QCR Holdings, Inc., headquartered in Moline, Illinois, is a relationship-driven, multi-bank holding company, which serves the Quad City, Cedar Rapids, and Rockford communities through its wholly owned subsidiary banks. Quad City Bank and Trust Company, which is based in Bettendorf, Iowa and commenced operations in 1994, Cedar Rapids Bank and Trust Company, which is based in Cedar Rapids, Iowa and commenced operations in 2001, and Rockford Bank and Trust Company, which is based in Rockford, Illinois and commenced operations in 2005, provide full-service commercial and consumer banking and trust and asset management services. Quad City Bank & Trust Company also engages in commercial leasing through its 80% owned subsidiary, m2 Lease Funds, LLC, based in Milwaukee, Wisconsin.

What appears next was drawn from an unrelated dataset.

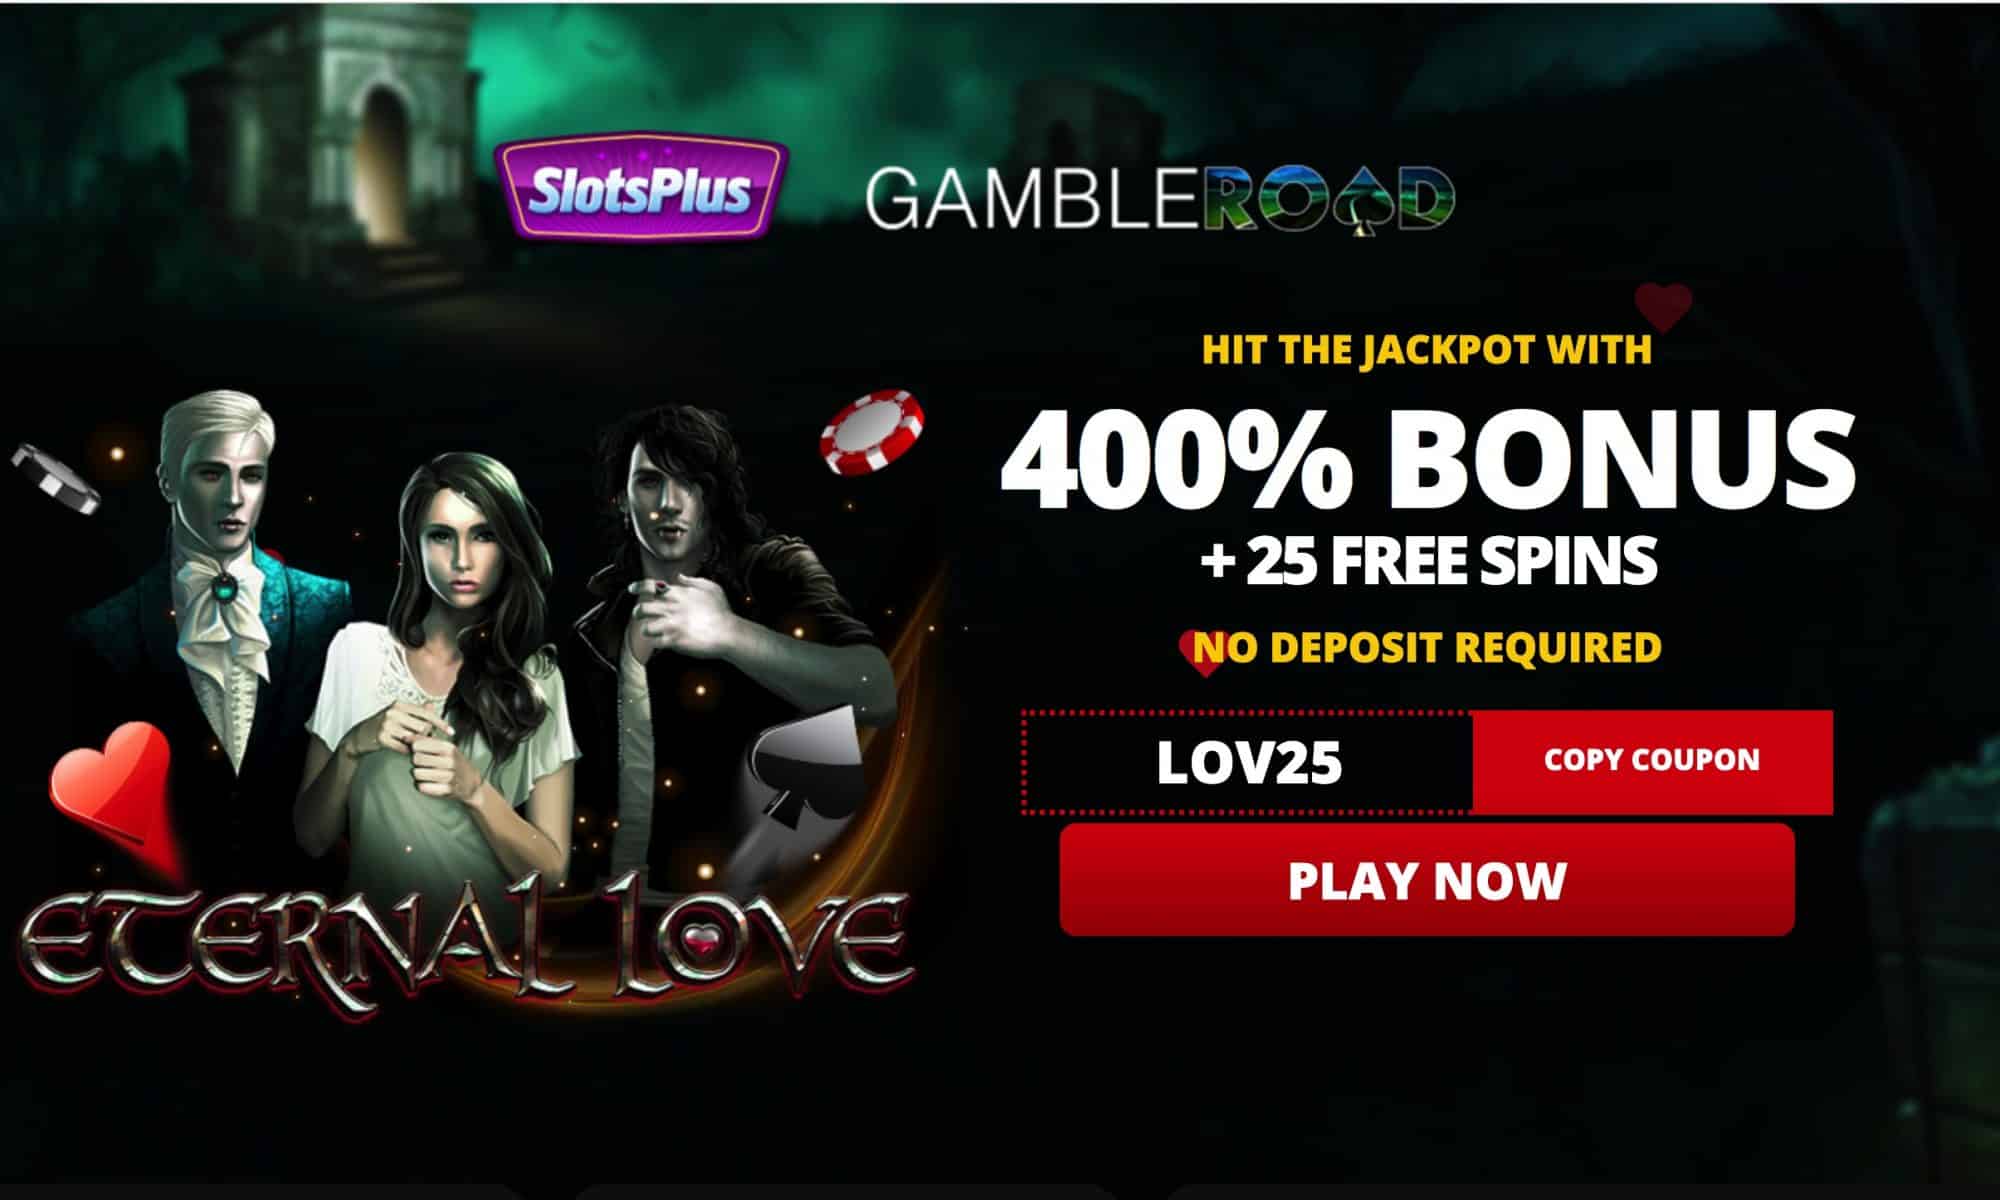 Slots Plus Casino - 25 free spins + 400% bonus

Special Note Concerning Forward-Looking Statements. This document contains, and future oral and written statements of the Company and its management may contain, forward-looking statements within the meaning of the Private Securities Litigation Reform Act of 1995 with respect to the financial condition, results of operations, plans, objectives, future performance and business of the Company. Forward-looking statements, which may be based upon beliefs, expectations and assumptions of the Company's management and on information currently available to management, are generally identifiable by the use of words such as "believe," "expect," "anticipate," "predict," "suggest," "appear," "plan," "intend," "estimate," "annualize," "may," "will," "would," "could," "should" or other similar expressions. Additionally, all statements in this document, including forward-looking statements, speak only as of the date they are made, and the Company undertakes no obligation to update any statement in light of new information or future events.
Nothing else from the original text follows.